Execution Robustness delays your trade signals and re-runs the backtest for each delay. It applies positive delays of 1 to 3 bars only (simulating latency, never acting earlier than the signal) across 10 configurations covering entry-only, exit-only, and both delayed together. This tests whether your strategy still works if you are consistently a bar or two late on entries and exits.
Parameter Sensitivity automatically discovers all tunable numeric parameters across your strategy's nodes, varies each one independently, and re-runs the backtest for each variation. Parameters are ranked by how much they affect performance, scored from the coefficient of variation across each parameter's variations, and the two most sensitive parameters from different nodes are automatically selected for the interaction heatmap. This tests whether your results depend on very specific parameter choices or remain stable across a range of values; strategies that collapse with small parameter changes are likely fragile.
Code Export
Any strategy can be exported as runnable code in two targets: Python andPine Script.
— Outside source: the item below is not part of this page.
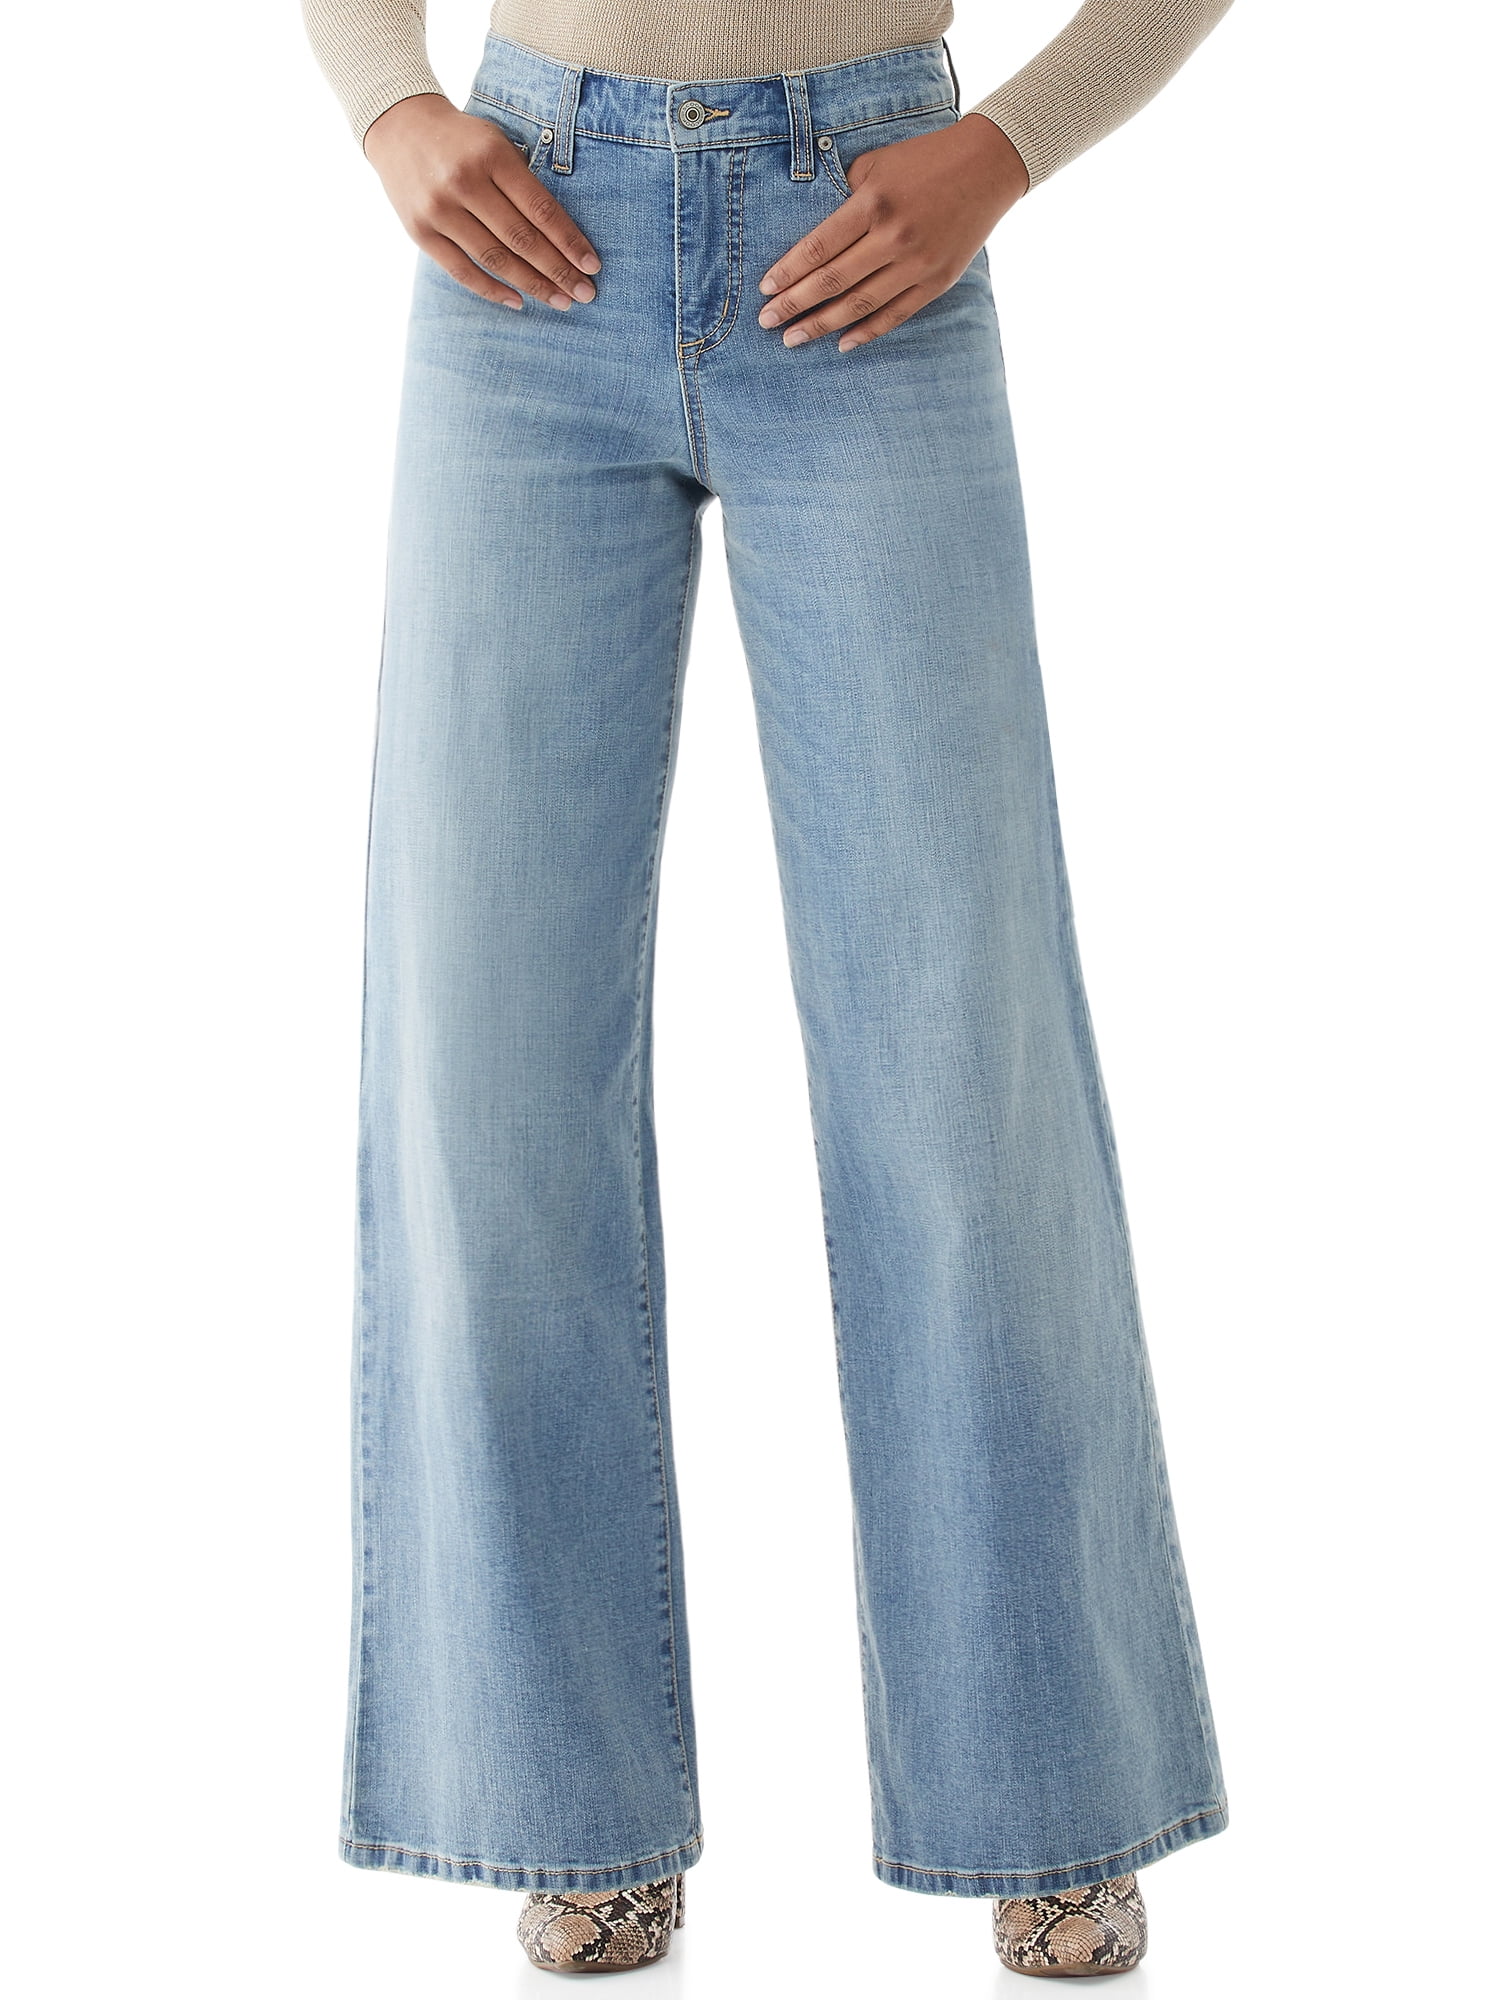 Scoop - Scoop Women’s Super Wide Leg Jeans - Walmart.com - Walmart.com
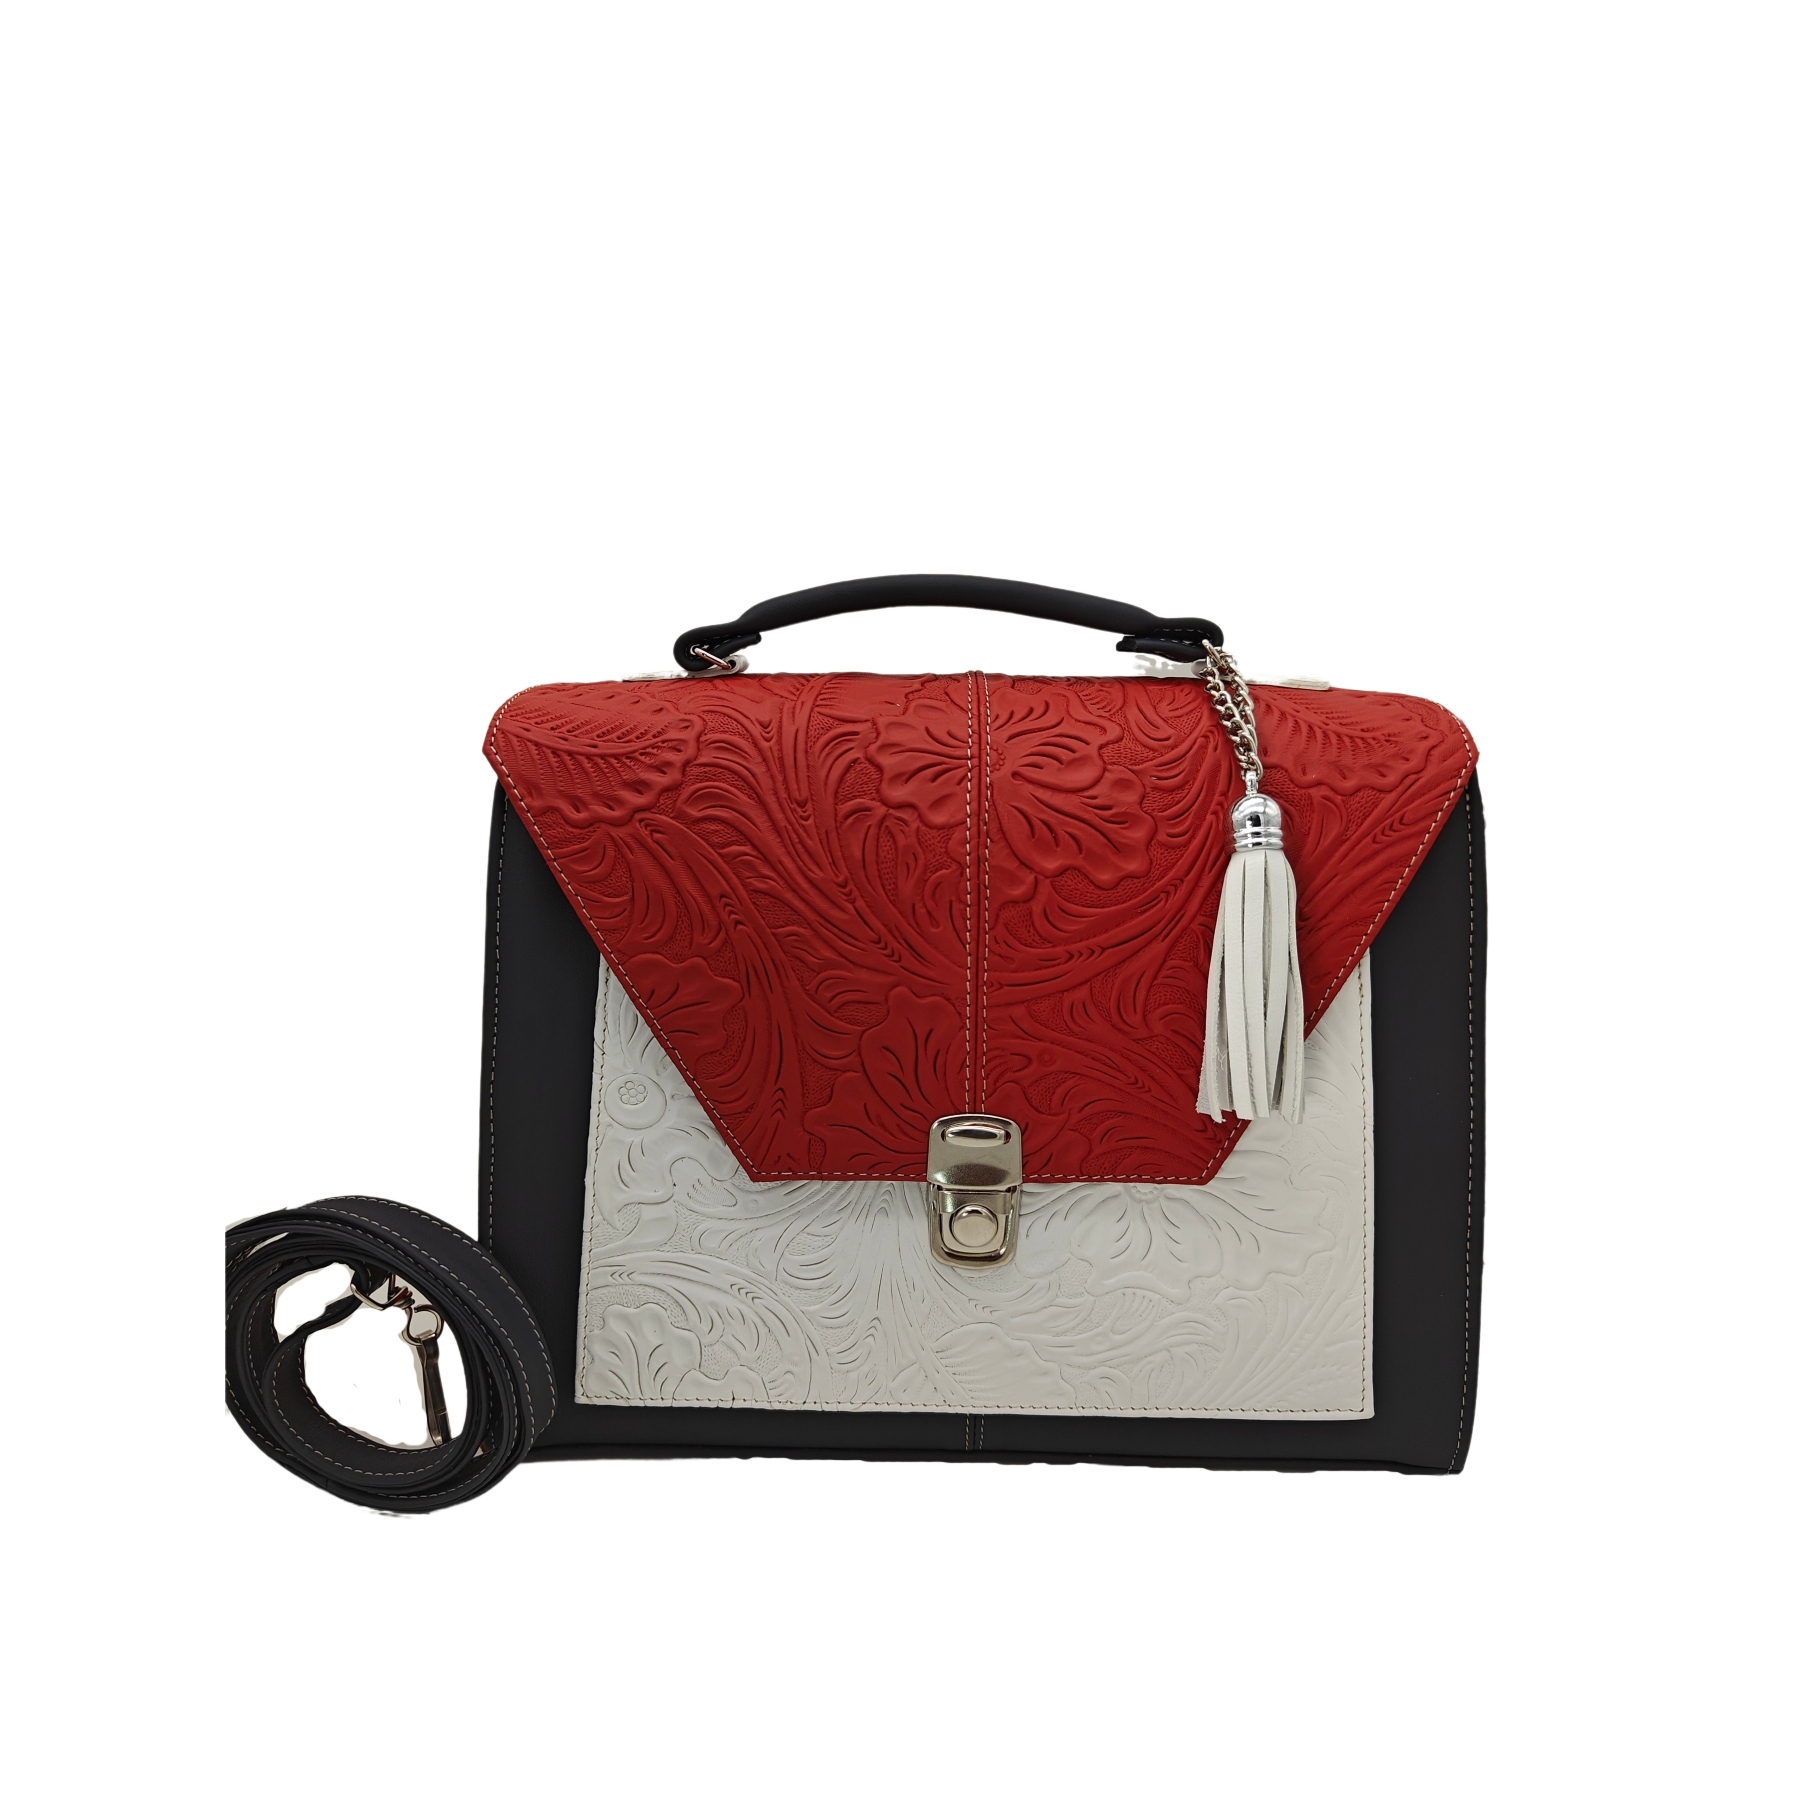 Mochila Fila Roja Backpack Lisa Color Rojo Diseño de la tela Liso

An export reproduces the strategy's signal logic so it can run outside Backtest Labs.
The Python export generates a generate_signals() function, built on TA-Lib, that returns the strategy's buy and sell signals for a bar series you provide. The Pine Script export generates a TradingView indicator that plots buy and sell markers and exposes them as alerts.
Portfolio nodes cannot be exported. Nodes that read live portfolio state (Portfolio Value, Cash Balance, Drawdown, Exposure, Position Count, and Risk Per Trade) depend on the running portfolio that Backtest Labs maintains during a backtest. Standalone Python and charting platforms such as TradingView have no equivalent, so a strategy that uses any of these nodes cannot be exported. The builder flags this and asks you to remove the portfolio node before exporting.
Indicator math is based on TA-Lib, the industry-standard reference library the platform itself uses to compute every indicator. Because the Python export is also TA-Lib-based, it reproduces the platform's indicator values to floating-point tolerance: the signals it produces are the same signals you saw on the platform.
Pine Script matches in nearly all cases, since TradingView's built-in ta.* functions implement the same standard math. A few indicators cannot match exactly, and the export labels these in-line. ATR, MACD, and Supertrend seed their Wilder and EMA averages one bar earlier in Pine than in TA-Lib, so values differ by a tiny, decaying amount over roughly the first period bars, then converge to identical values.Volume Profile needs tick or lower-timeframe data that Pine does not expose to a charting indicator, so its Point of Control and value-area levels are approximated and will differ from Backtest Labs. The Python export reproduces the full histogram exactly.
Exports are signal logic, not execution. A signal activates on the bar its condition is met, computed from that bar's close, and the export emits the signal on that bar. The exports describe when a signal fired, not when a simulated trade was filled.
Execution belongs to your own system. A bar's close is known only after the bar completes, so the earliest an order can fill is the following bar's open. When you wire an export into your broker, automation, or notifications, that system places the order on the next bar. That is the realistic one-bar delay. The exports therefore do notshift the signal forward; shifting it would push your real order a further bar out. Backtest Labs applies this same one-bar fill internally when it simulates trades and draws the equity curve, which is why a Backtest Labs trade marker sits one bar after the signal that triggered it.
For Pine alerts, set the alert to Once Per Bar Close so it triggers on the confirmed bar rather than intrabar on the still-forming live bar.